Since 1927, the Cincinnati Recreation Commission has provided cultural and leisure activities for the community. Its facilities are spread across the region and include indoor recreation centers and 2,500 acres of outdoor play areas, which together host a broad range of activities for people of all ages, including athletic leagues, arts events, and an aquatic center. Before- and after-school programs and summer camps offer an outlet where kids can learn and play outside of school, and many centers also sponsor therapeutic programs for people with disabilities.
As an affiliate of Keep America Beautiful, Keep Cincinnati Beautiful is dedicated to improving the appearance of the community, along with educating and encouraging individuals to take greater responsibility for their environments and neighborhoods. The organization runs a number of community-improvement programs, such as a campaign to prevent cigarette litter, a state-roadway-cleanup group, and Future Blooms, which employs professional architects, artists, and landscape experts to paint, clean, and green vacant lots and abandoned buildings.
Part of a 160-year-old network of community centers, YMCA of Greater Cincinnati offers a space that provides a variety of learning and growing opportunities for the community.
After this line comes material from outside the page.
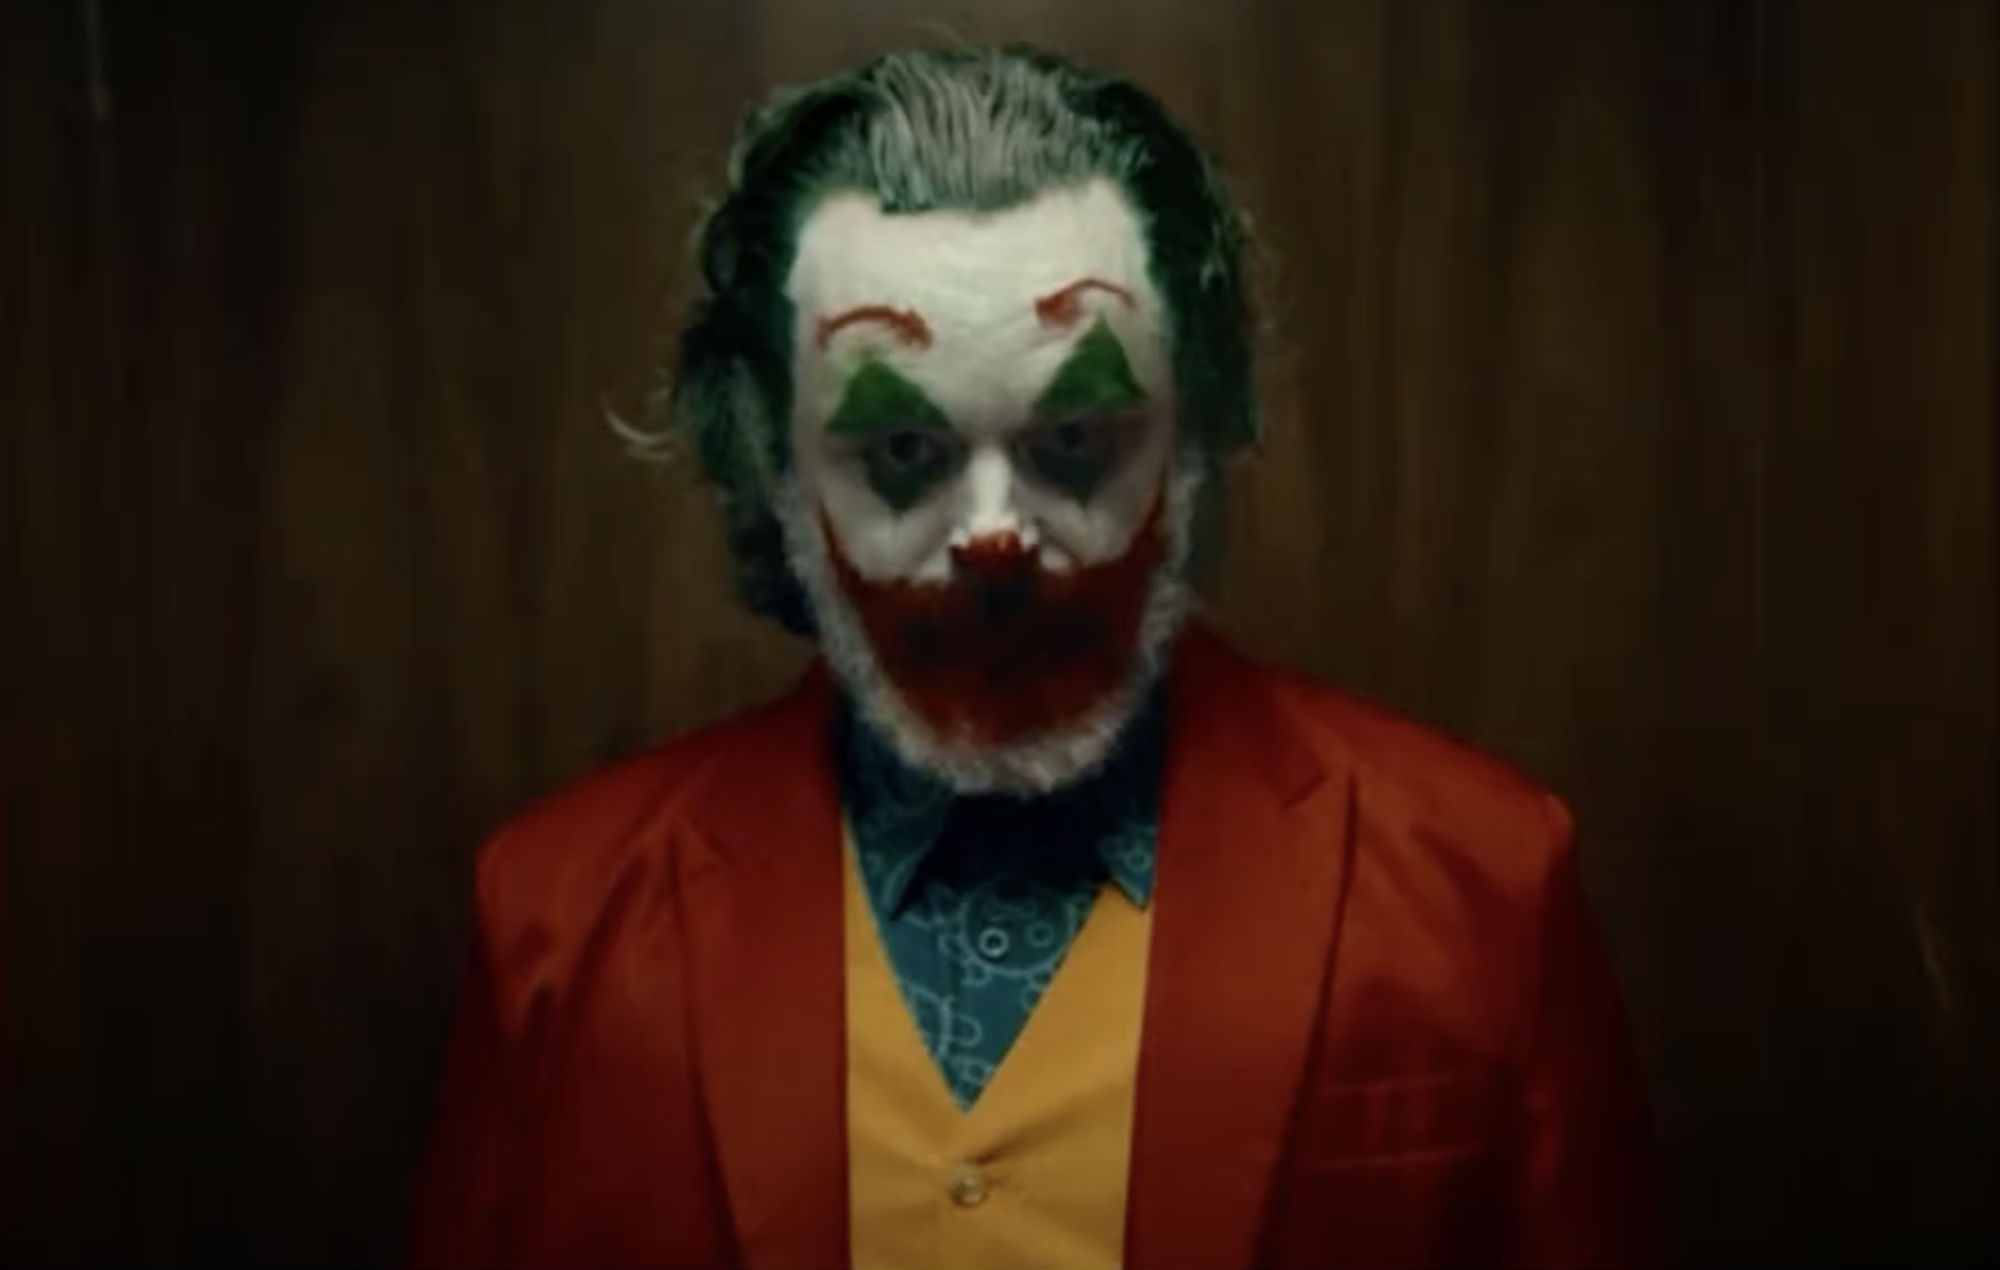 Watch Michael Sheen transform into Joaquin Phoenix's Joker

The organization’s programming encourages physical and mental activity for neighbors of all types, regardless of age or socioeconomic background. Its youth-development programs help participants learn more about themselves and develop positive behaviors, and healthy-living programs help families improve their overall well-being. The Y is also devoted to social responsibility, connecting those in need with the resources to help them achieve stability through charitable work and collaborations with policymakers.
Formed in 2000 by a group of Holocaust survivors and their families, the Center for Holocaust and Humanity Education strives to ensure an enduring future for humanity by educating young and old people alike about the horrors of the past. Inspired by a quotation from the Jewish New American Society in 1965, the group hopes to maintain a memorial “that will make sure our dear ones have not died in vain.” To carry out that mission, the center hosts regular events and educational programs and opens the doors to its permanent exhibit “Mapping Our Tears”, a recreation of an attic in 1930s Europe set in a multimedia theater. Somber and educational, the exhibit conveys the history of the Holocaust through artifacts donated by local families and video of eyewitness testimonials about the tragedy itself.
Groundwork Cincinnati/Mill Creek aims to develop a sustainable Mill Creek watershed by teaching the community about the environment and conducting ecological restoration projects. To this end, the organization has implemented four programs. The Freedom Trees program involves a 10-year urban-reforestation initiative linked with the local history of the Underground Railroad, wherein residents will plant at least 10,000 native trees in the corridor. Environmental-education programs introduce local youth to restoration with field trips for students and training programs for volunteers to monitor water quality and help conserve wildlife habitats. The Greenways project works to restore the natural landscape and develop recreational trails along Mill Creek. Laughing Brook teaches the community about the environment with a public artscape that recreates a functioning wetland filled with biosculptures of human hands, fish, and salamanders, and also helps clean storm-water runoff from a portion of Salway Park.
The Cincinnati Chamber Orchestra showcases music not commonly performed by large symphony orchestras, so each show is an uncommon musical experience. During Spring 2, the delicately constructed harmonies of Arnold Schoenberg and George Gershwin (two works each) float across Corbett Auditorium and into ears to tickle auditory nerves like pixies riding tiny ponies on eardrums. Two of the four pieces were inspired by literature. Schoenberg’s Transfigured Night was inspired by a Richard Dehmel poem about a shocking confession that affects two lovers, while Gershwin's Porgy and Bess Suite is inspired by DuBose Heyward’s racially charged 1925 novel about the inhabitants of the semi-fictional Catfish Row. Schoenberg's Five Pieces for Orchestra, op. 16, is an unsettling work that balances Gershwin's famous Rhapsody in Blue, which is performed by acclaimed solo pianist Michael Chertock.